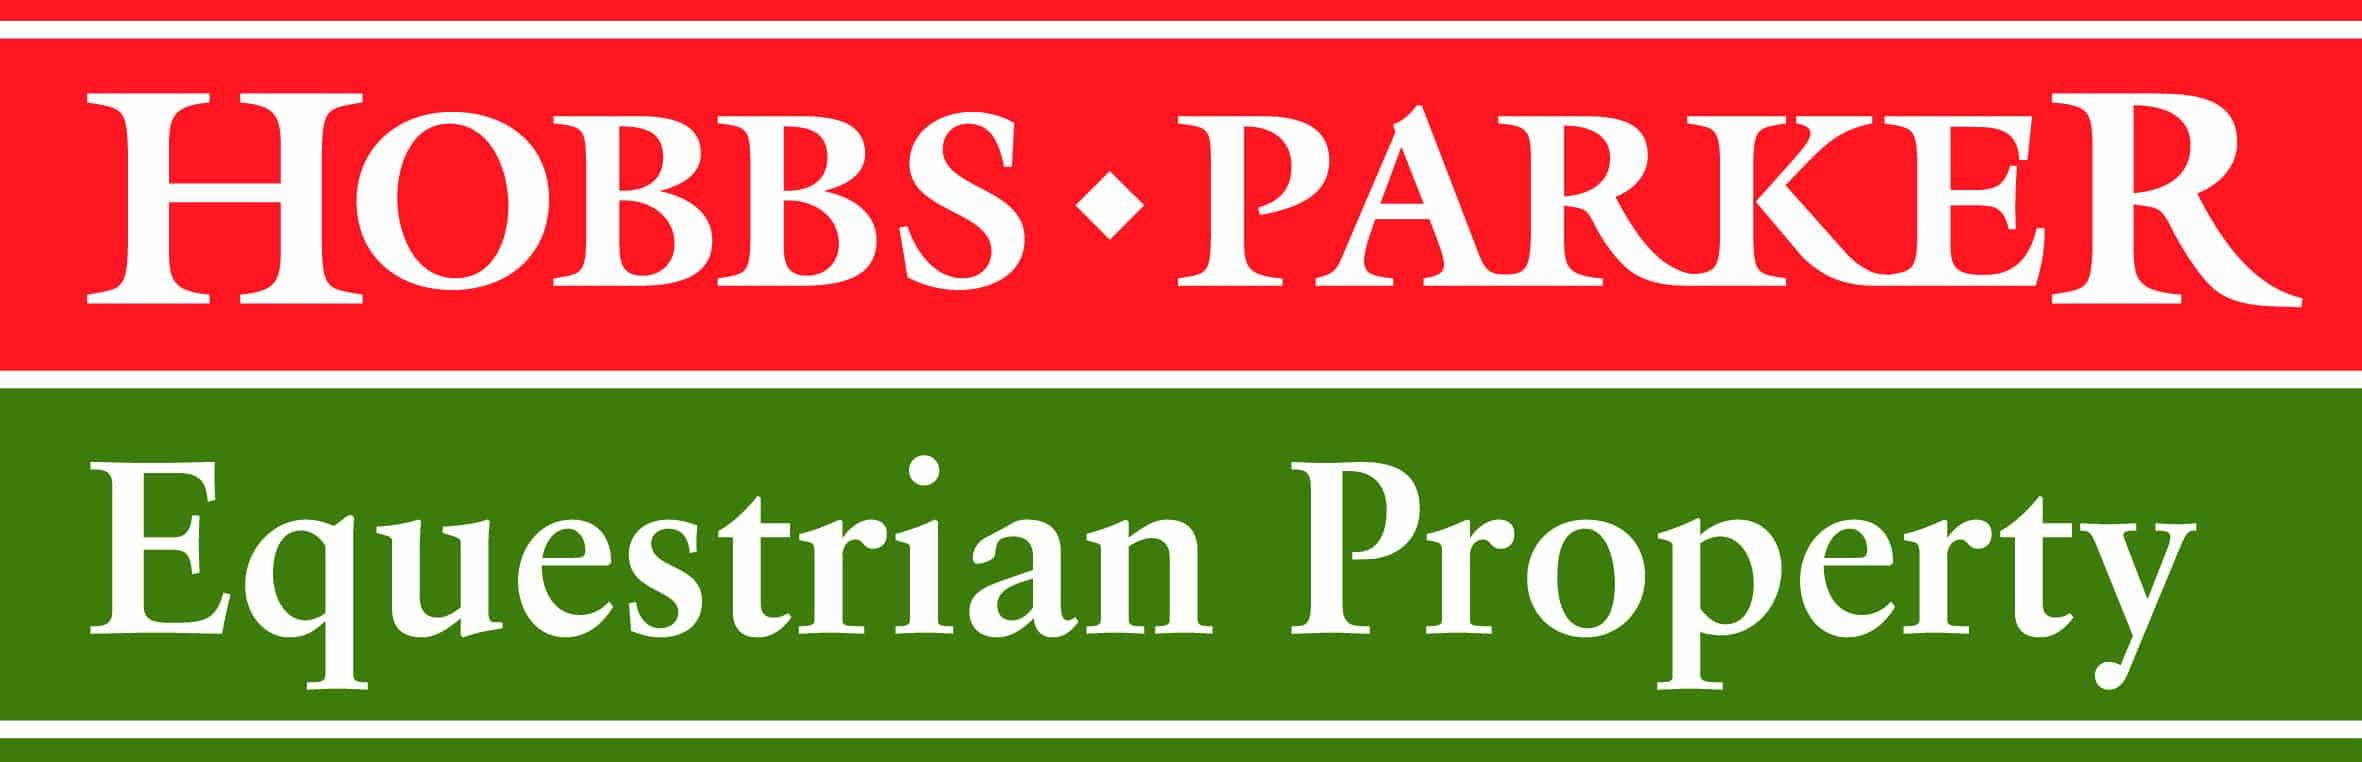 Hobbs Parker Equestrian Property Logo
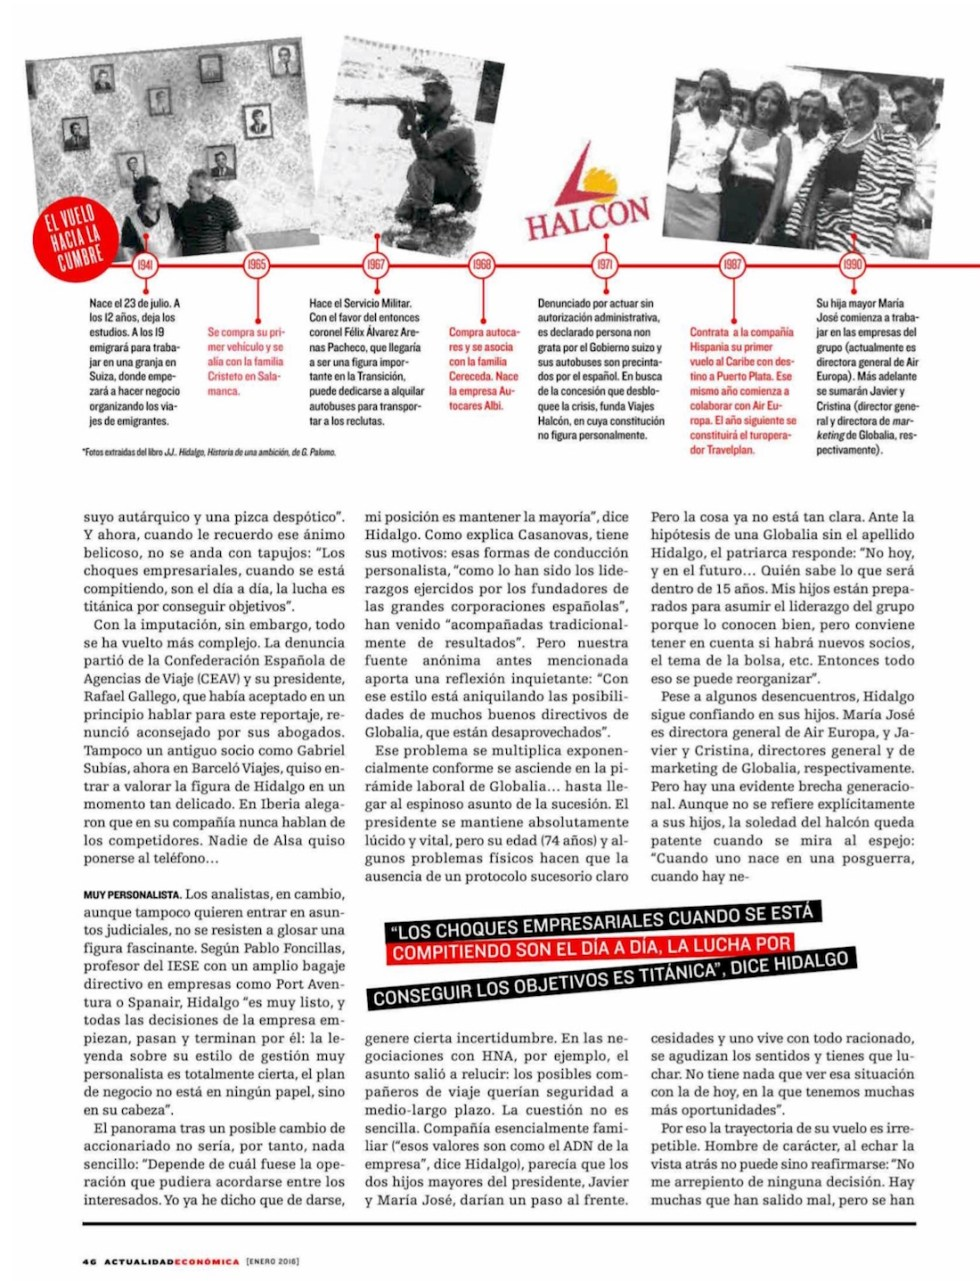 ActualidadEconomica_PF2
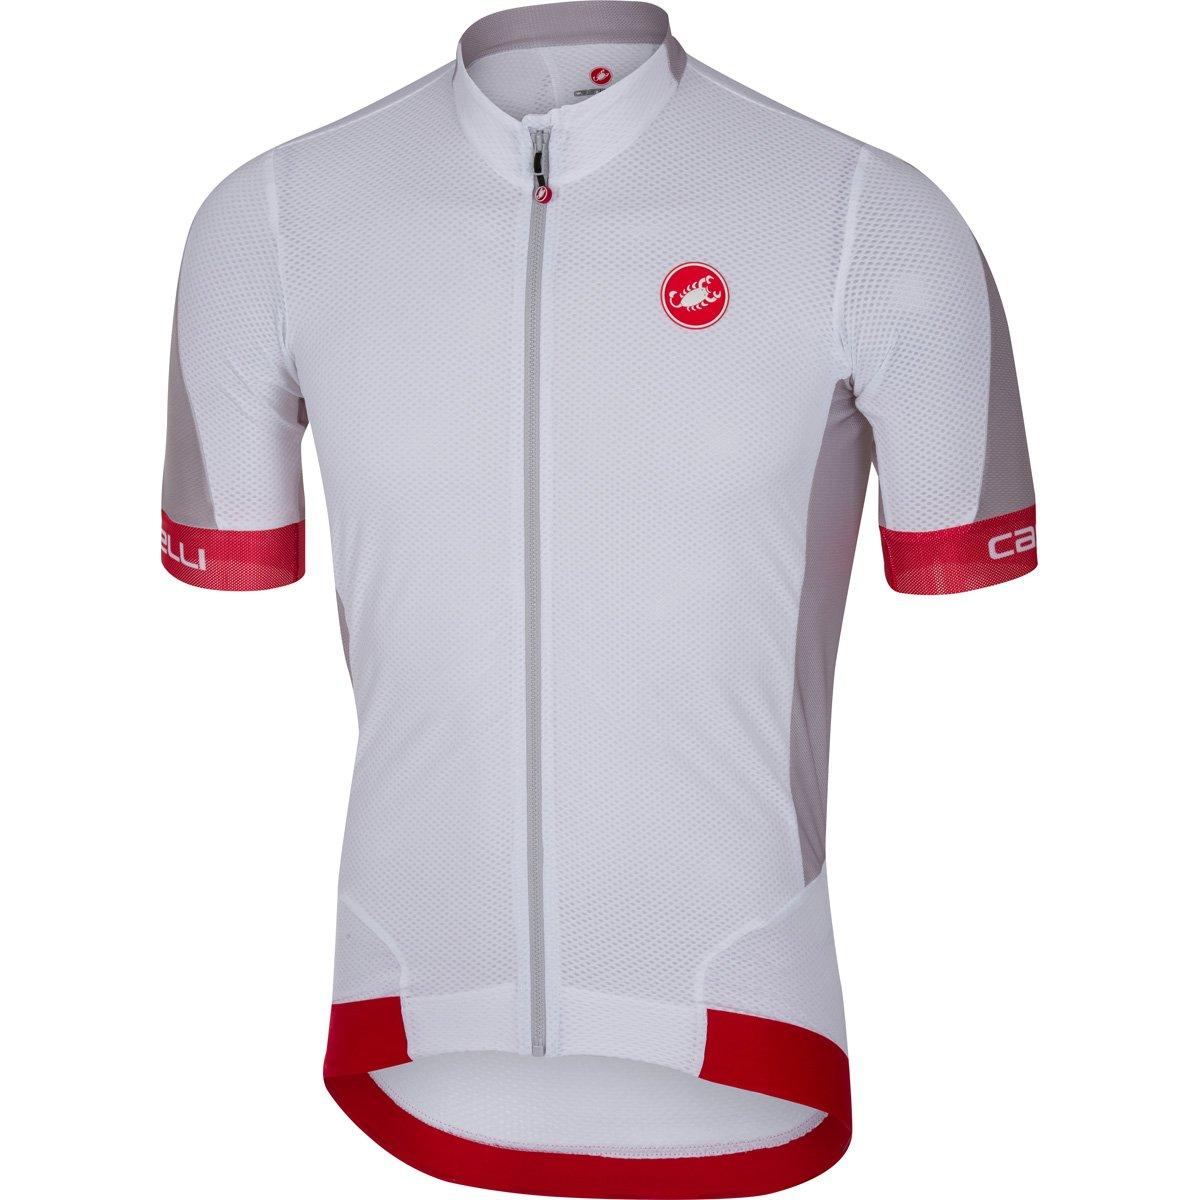 CastelliメンズVolata 2 Bike jersey fz B06XHPRSTQ XX-Large|ホワイト/レッド ホワイト/レッド XX-Large
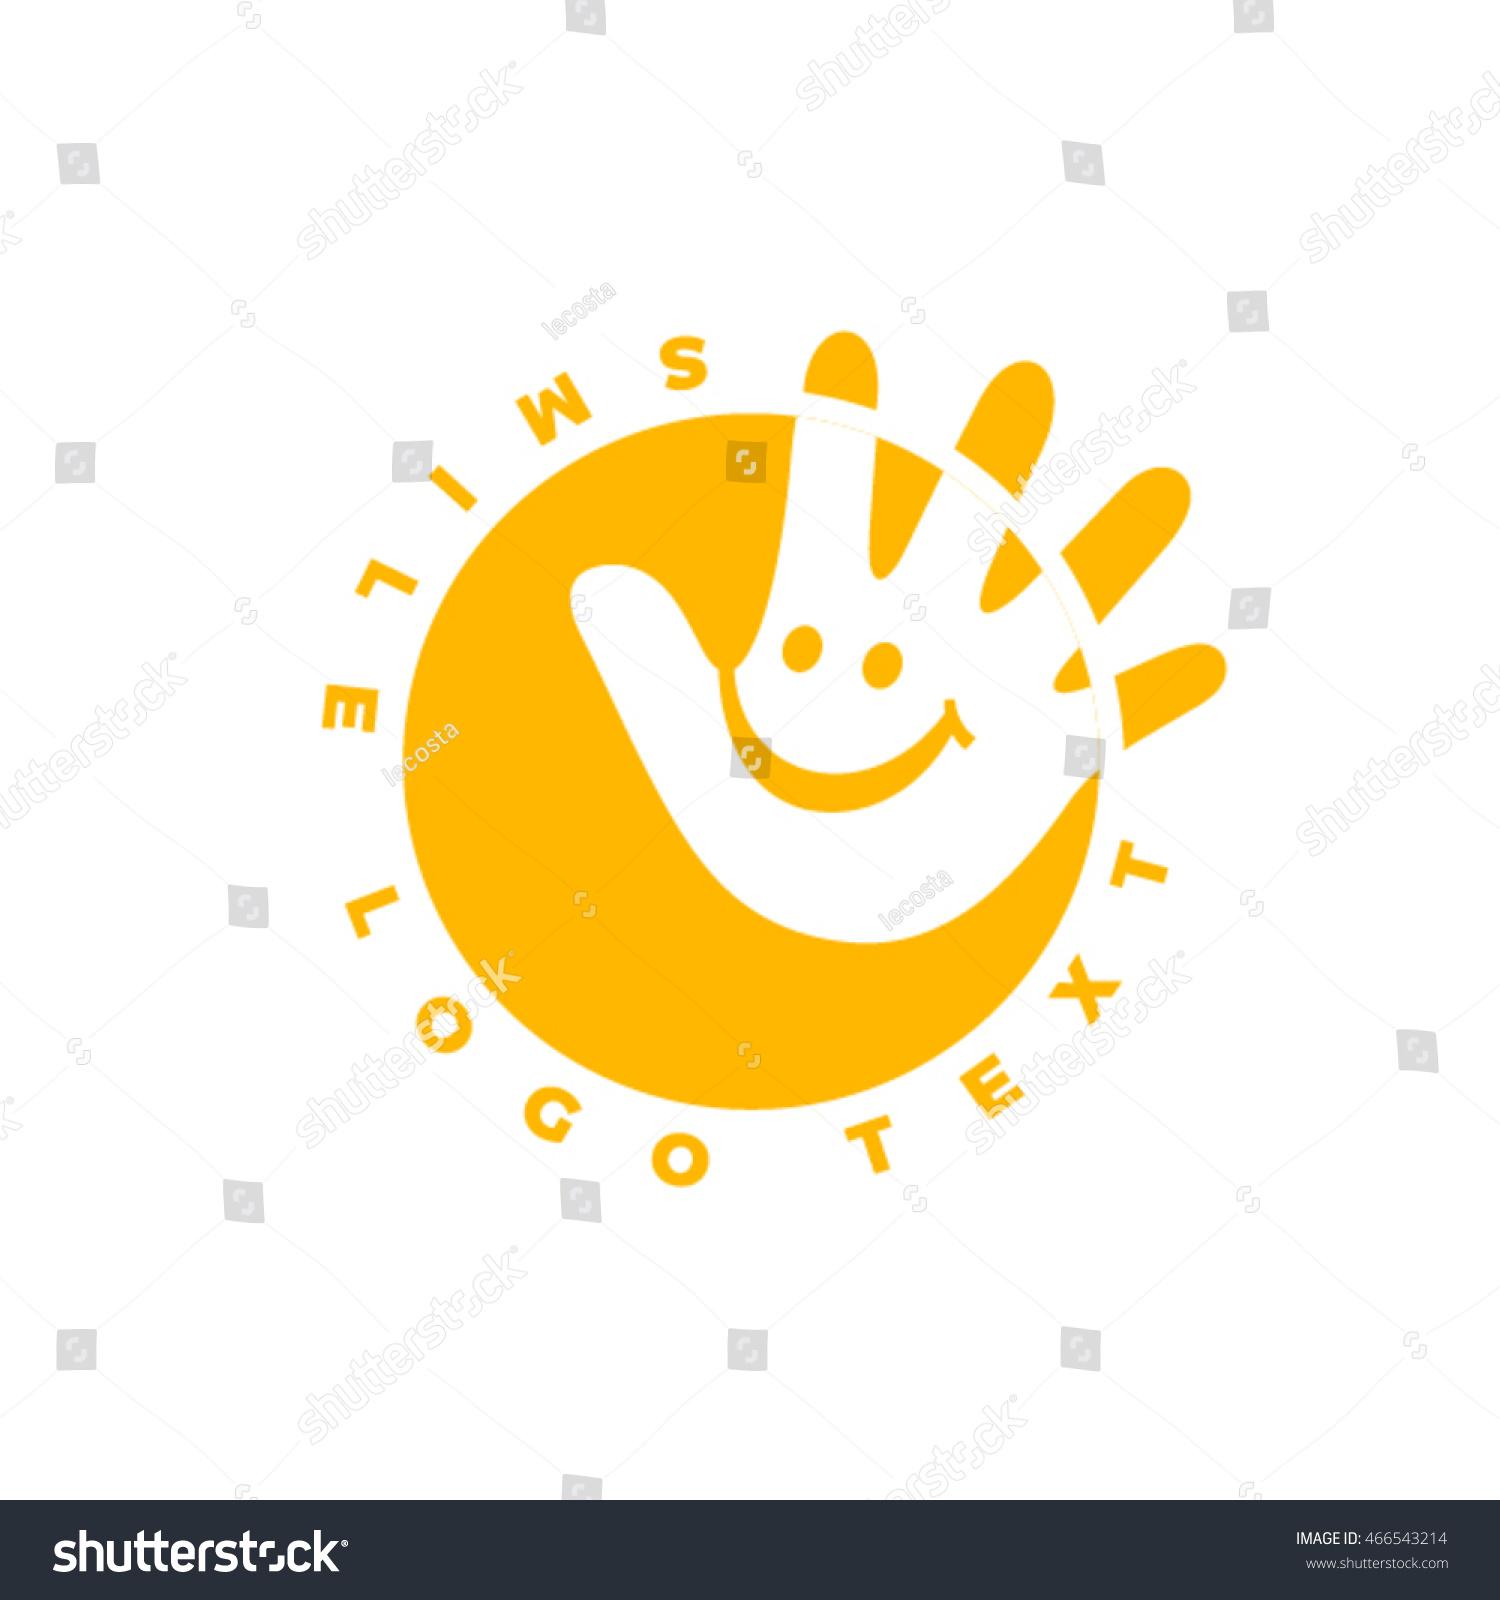 kinder garden logo design stock vector shutterstock

——————

**REQUIRED ACTION**
The output is the data above, repeated exactly, with pictures omitted.

**WRITTEN SOLUTION**
 Hobbs Parker Equestrian Property Logo
 ActualidadEconomica_PF2
 CastelliメンズVolata 2 Bike jersey fz B06XHPRSTQ XX-Large|ホワイト/レッド ホワイト/レッド XX-Large
 kinder garden logo design stock vector shutterstock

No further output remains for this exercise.